Created by the Security Executive Council
The following is an abbreviated portion of the Security Executive Council's strategic planning process. The process represents a compilation of methods successfully used at several companies we have collaborated with. It should be noted that your situation will be unique and, therefore, you should make the needed modifications to make it fit with your organization's risk profile, corporate culture and policies.
If you would like to learn more about this process, contact us.
SECURITY PROGRAM LIFE CYCLE
The Security Program Life Cycle is a process whereby security improvements are reviewed on a continuous basis. The following provides a summary of each of the segments in the image:
- Senior Management Input. The cycle begins with a meeting between the security leader, senior executives and business unit leaders. The purpose is to gain insight into the management philosophy, the culture of the business, the long- and short-term objectives, and management’s expectation of security needs.
- Crime Risk Assessment. In order to understand the physical environment in which business will be conducted, it is imperative that a review of crime statistics in the surrounding area be conducted. This is best accomplished by a direct interface with local, state and federal public safety officials. Country assessments may also be considered.
- Peer Company Benchmarking. Because no one company has all the answers, it is a good idea to benchmark with peer companies to determine the successes and failures they have encountered when identifying and applying security solutions. However, recognize that your organization will be unique to your peers so benchmarking gives only a portion of the picture.
- Organizational Security Risk Assessment. This is designed to assess the security posture at the organization; identify risks that impact both the short-and long-term survivability of the organization; and provide cost-effective solutions to reduce or eliminate identified risks.
- Baseline Security. In order to ensure that all operations maintain an acceptable level of protection, minimum security guidelines should be developed. These guidelines ensure that the organization meets an acceptable baseline level of security.
- Enhanced Security. Solutions to security risks beyond the baseline risks should be measured on a scale.

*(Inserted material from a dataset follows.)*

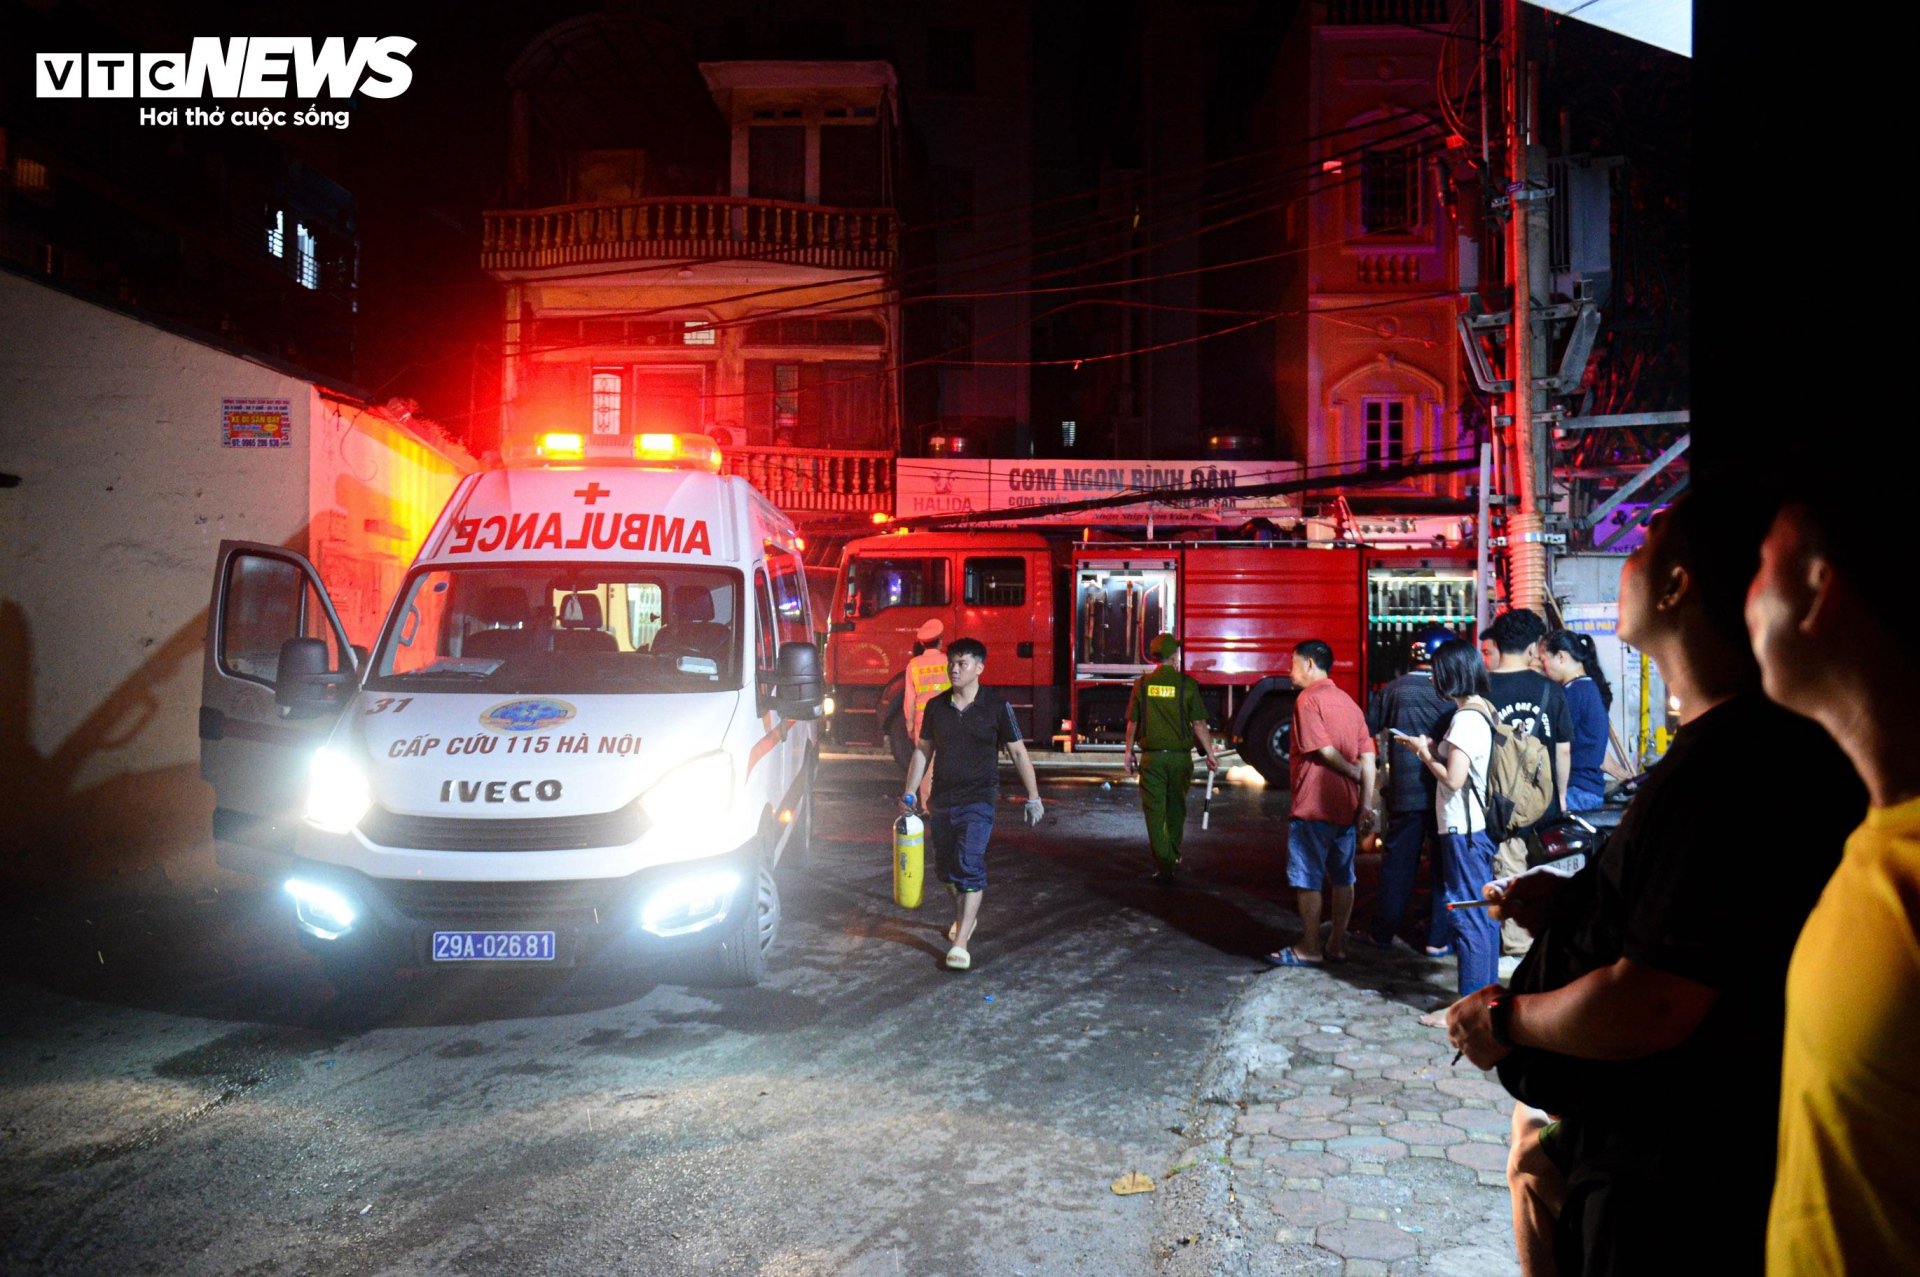 Hiện trường vụ cháy chung cư mini ở Hà Nội trong đêm, nhiều người ngất xỉu - Ảnh 1.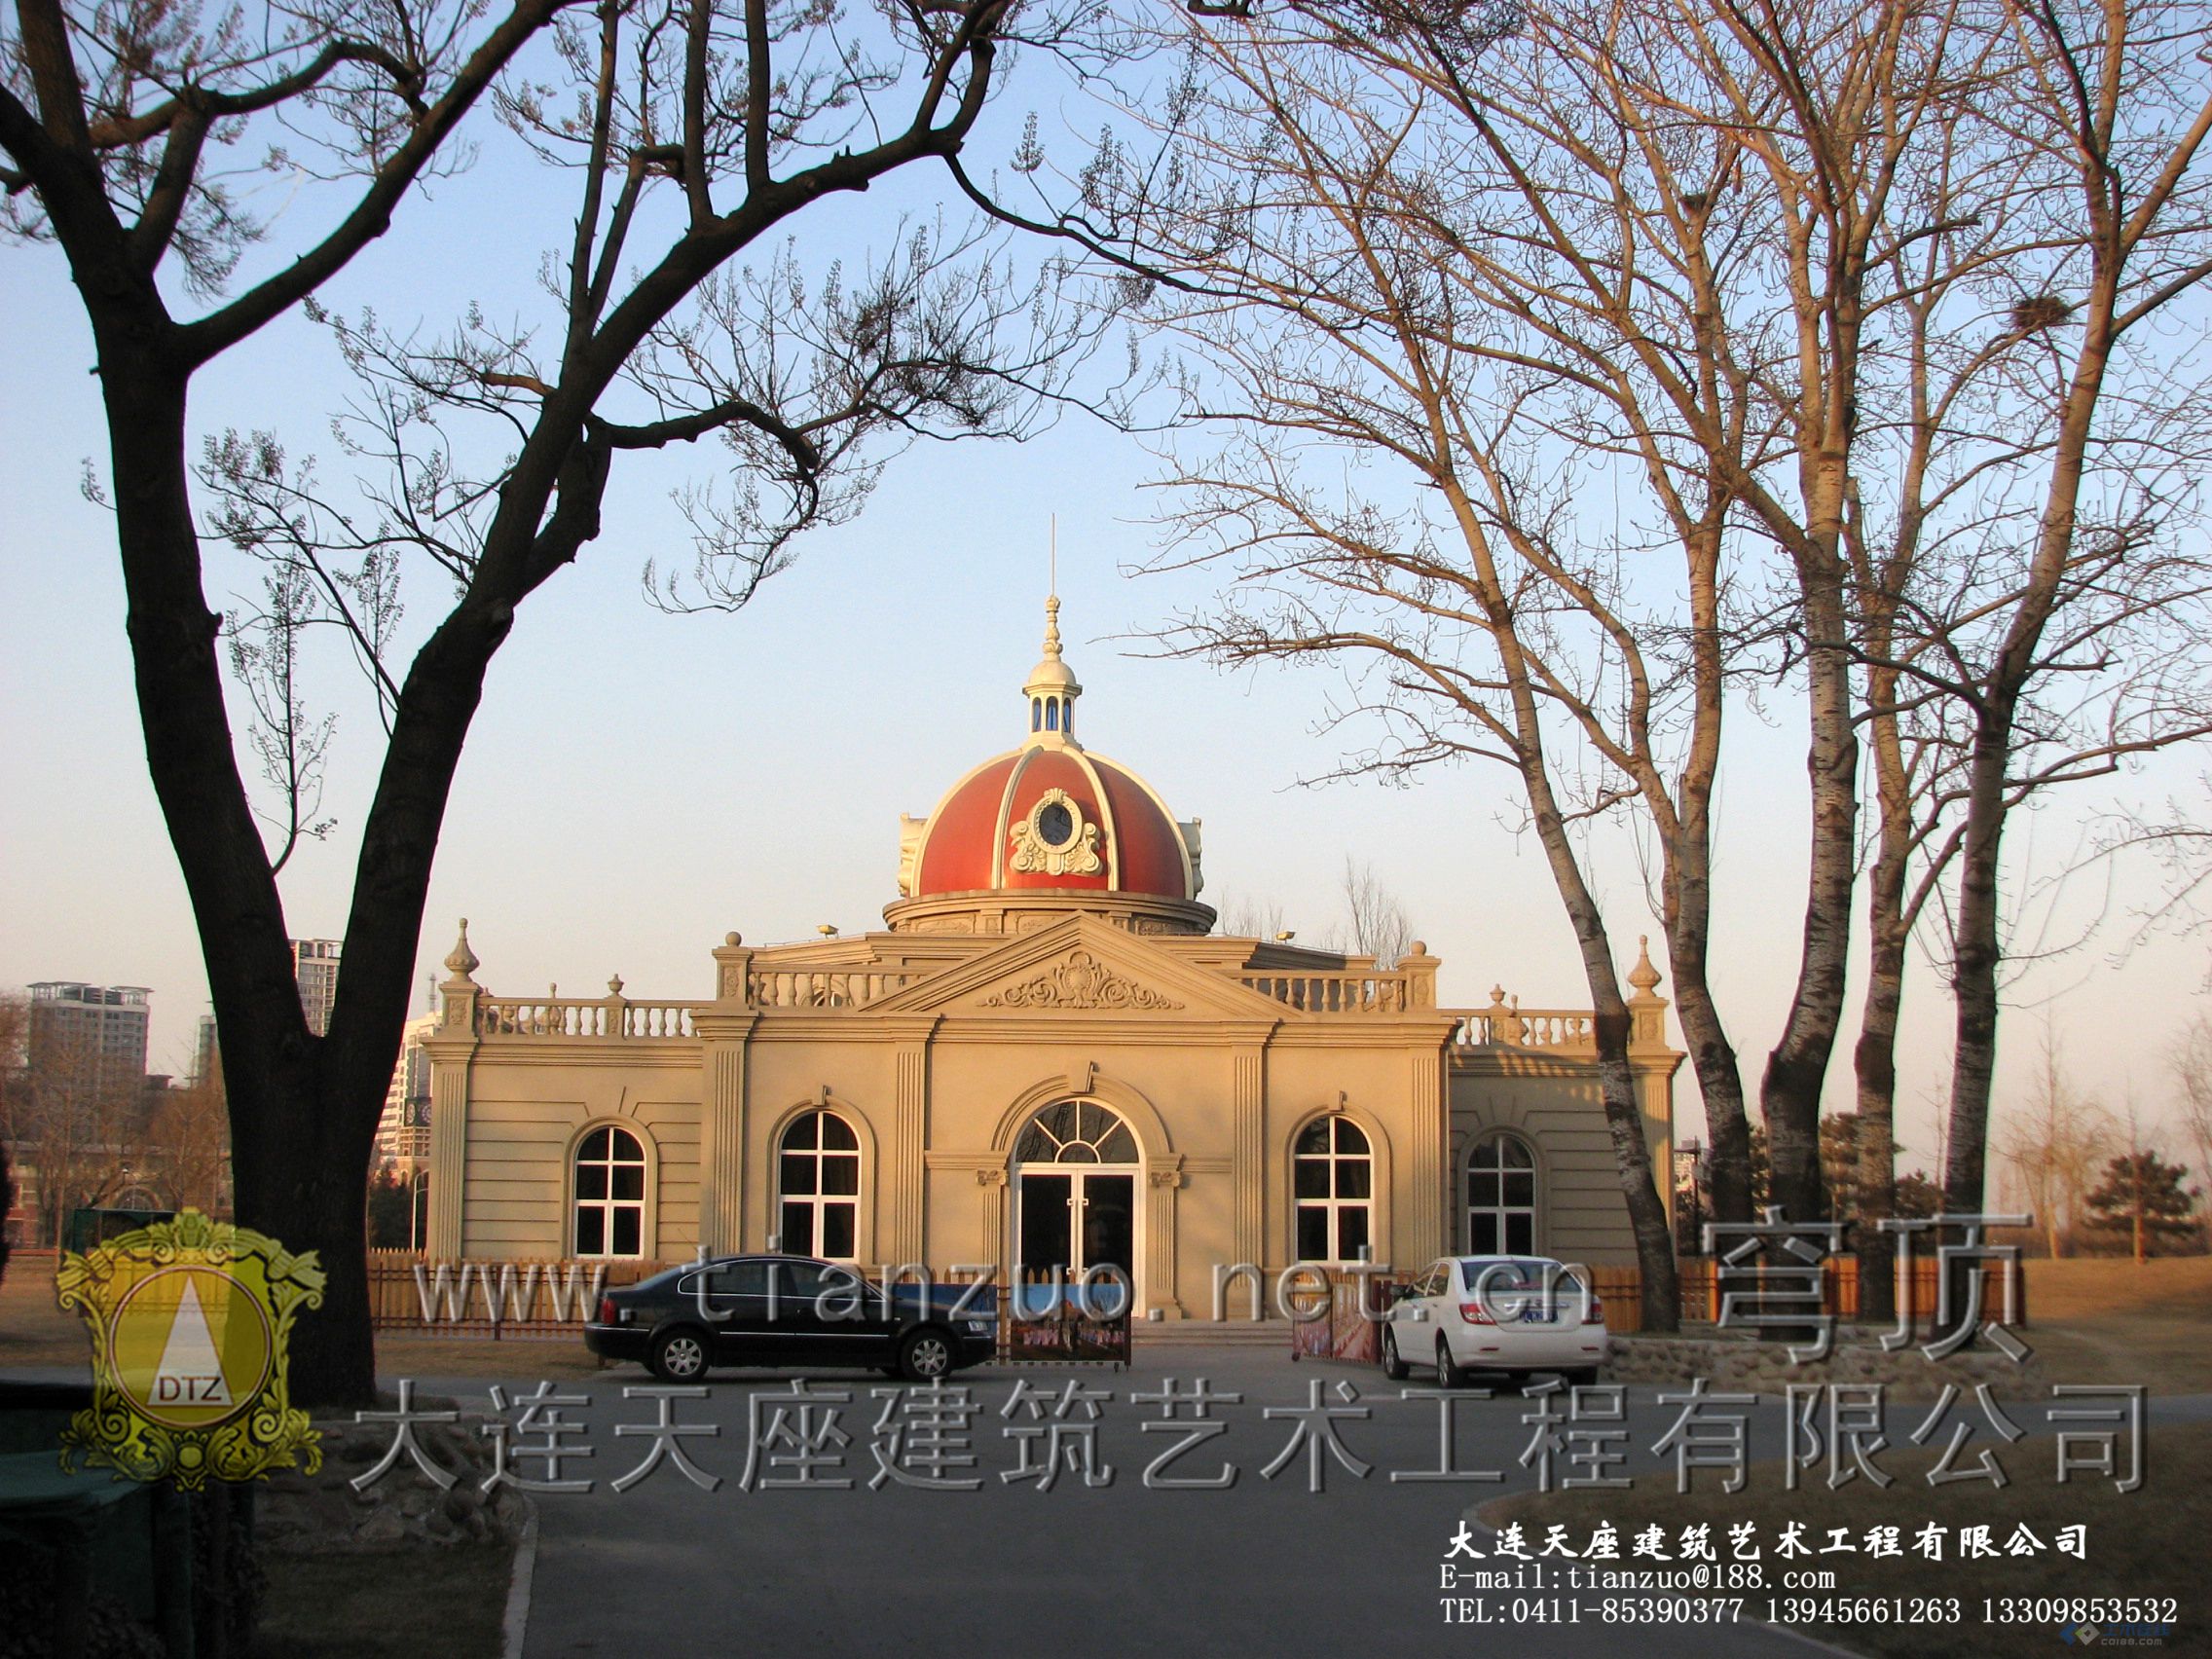 北京朝阳公园婚庆宫穹顶装饰.JPG

The scoring system is used to measure progress toward the implementation of security solutions identified in the security risk assessment.
- Security Systems Design. The results of Baseline Security and Enhanced Security processes provide the foundation for a security plan that is customized for the organization, based on its needs and risks. This security system is designed to reduce risks without impeding business operations.
- Security Program Plan Design. The resulting security plan is a living process that will recycle itself through continued risk assessments and benchmarking efforts. Costs and restrictions that impede the business operation will determine the degree of risk that management is willing to accept.
- Validation Review. To achieve operational excellence, regulatory compliance and civil liability reduction validation or audits are no longer optional in a professionally run security program. Validation of the controls, notification and the response for programs, systems and mitigations strategies is imperative.